Parece ser que cuando Beethoven envió a Josefina Brunsvik, su amiga
y consejera, las sonatas para piano del op.31, ésta dijo después de leerlas
que esas obras “anulan todo lo que se ha escrito anteriormente”. Algo
parecido se puede decir de las tres sonatas op.30, concebidas durante el
mismo período de tiempo. Al igual que en el op.31, Beethoven coloca en
primer y tercer lugar las sonatas de corte más clásico, dejando para la
posición central la más personal e innovadora. El allegro inicial de la sonata nº
6, estructurado en forma sonata típica, es casi de estilo mozartiano y solo en
su desarrollo aparecen momentos realmente novedosos, extraños incluso
viniendo de Beethoven. El adagio central adopta la tradicional forma tripartita
del lied, pero la larga coda tiene tal entidad que parece añadir una sección
más. Es éste un buen ejemplo de lo que serán los grandes movimientos lentos
del autor en los que, sin perder el lirismo, el habitual tono de romanza amable
desaparece para dejar paso a la meditación profunda y la expresión de lo
inefable. Para cerrar esta sexta sonata, Beethoven había escrito un Presto
dinámico y virtuoso que después debió considerar demasiado extrovertido
para el carácter general de la obra, ya que fue reemplazado por un tema
seguido de seis variaciones que, con un tono general más intimista,
constituyen un final más apropiado. El Presto pasaría a ser el último
movimiento de la sonata nº 9 op.47 “a Kreutzer”. La octava sonata se abre con
un animoso allegro, de nuevo en la forma sonata tradicional, quizás ahora más
cercano al buen humor de un Haydn. En lugar de un gran movimiento lento
central, Beethoven opta esta vez por un curioso minueto, indicado “ma molto
moderato e grazioso”, posiblemente para no romper el dinamismo general de
la obra.
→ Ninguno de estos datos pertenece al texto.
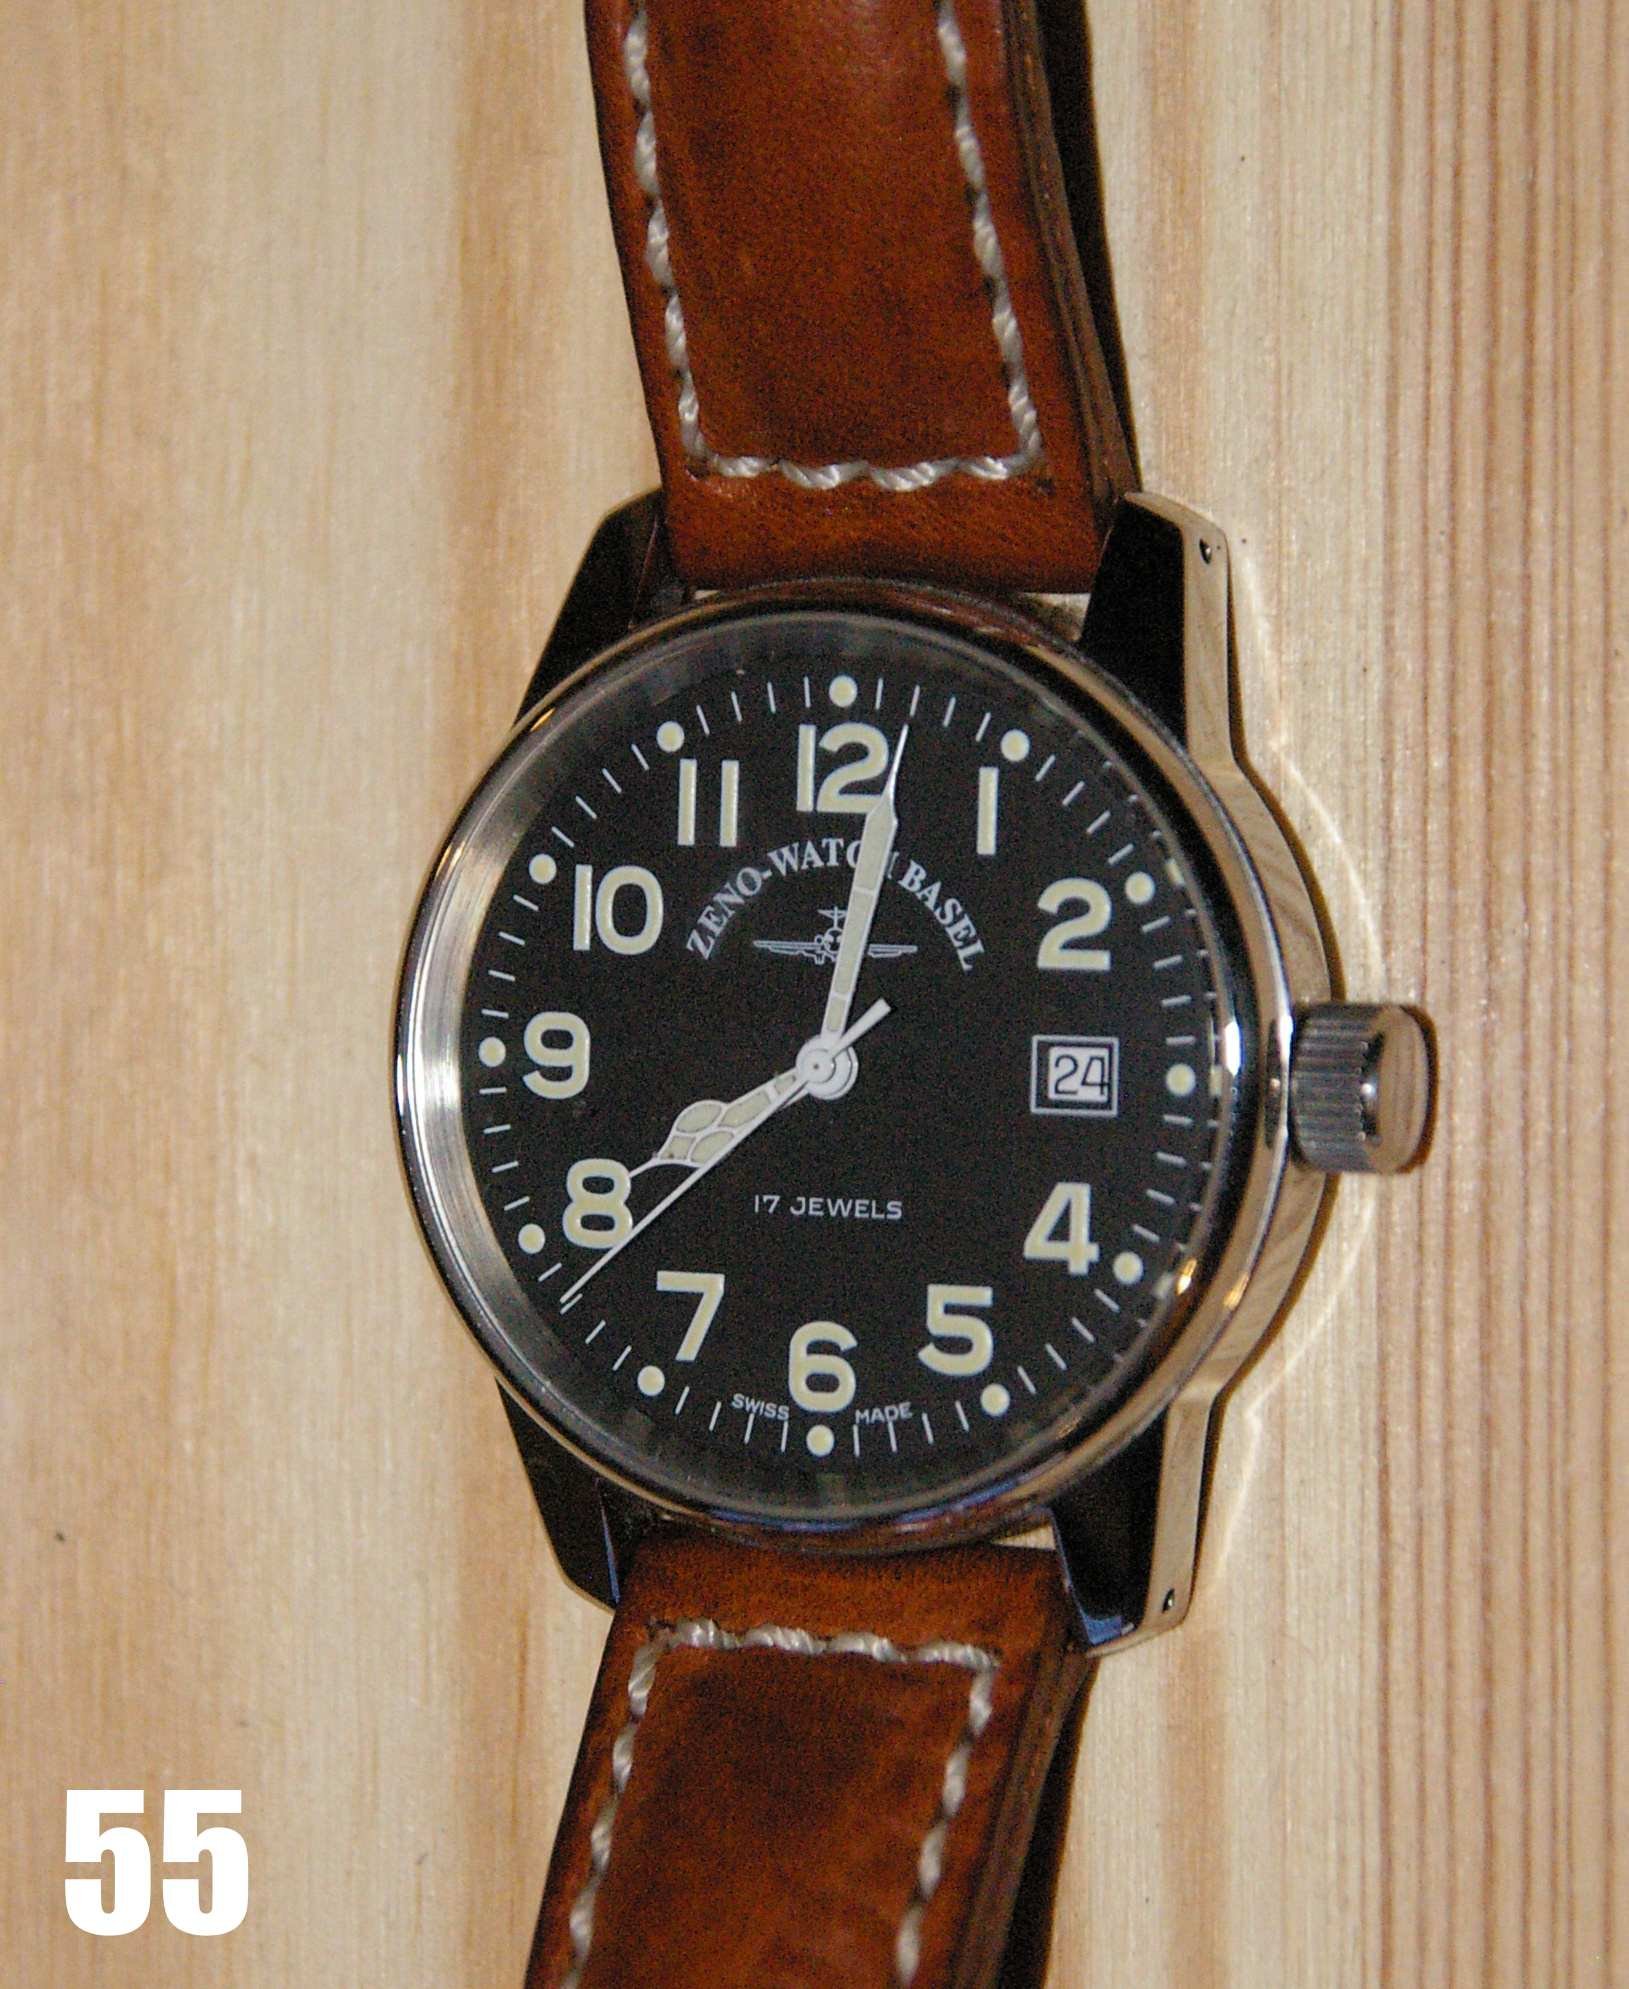 Buy Zeno Pilot bulhed men's Watch 6528-THD-A1 - Ashford.com

Este ímpetu culmina en el movimiento final, una especie de moto
perpetuo con aire de danza popular.
Reservemos nuestra admiración, sin embargo, para la séptima sonata
en Do menor, segunda del op.30. Obra profundamente personal, aquí
aparecen reflejadas todas las vivencias que llevaron a su autor a redactar el
Testamento de Heiligenstadt, pero también muestra la voluntad de escribir
música de una forma completamente nueva. Allegro con brio, reza el
movimiento inicial: la misma indicación que los primeros movimientos del
Concierto para piano nº 3 y la Quinta Sinfonía (todos ellos en Do menor, por
cierto, y hay más ejemplos en la obra de Beethoven), composiciones que
comparten todas el mismo tono a la vez heroico, sombrío y obstinado. La
forma sonata es tratada aquí con enorme libertad, concentrando los temas en
breves motivos que luchan unos contra otros, cambiando el carácter melódico
del segundo tema por una especie de marcha militar, y añadiendo una
importante coda final que actúa como un segundo desarrollo. El adagio que
sigue, de una gran belleza melódica, vuelve al tono meditativo del segundo
movimiento de la sexta sonata, esta vez con un carácter más resignado,
aportando algo de consuelo después del implacable allegro inicial. De nuevo
una larga coda viene a ampliar la estructura tripartita del movimiento. El breve
y un tanto impertinente scherzo que sigue no debía complacer mucho a
Beethoven, que al parecer pensó en retirarlo de la sonata en una edición
completa de sus obras que un editor le planteó realizar en 1822 y que no llegó
a llevarse a cabo. Sea como sea, el scherzo supone una eficaz transición entre
el sublime adagio y el furioso allegro final, en forma de rondó-sonata, que
recupera el carácter del primer movimiento para llevarlo hasta el extremo.
Eclipsada por su hermana mayor, la sonata nº 9 op.47 “a Kreutzer”, la séptima
sonata en Do menor no es quizá tan conocida por el gran público como
debiera. Una prueba más de que si seguimos acercándonos a Beethoven,
incluso hoy en día es posible que disfrutemos de una nueva experiencia.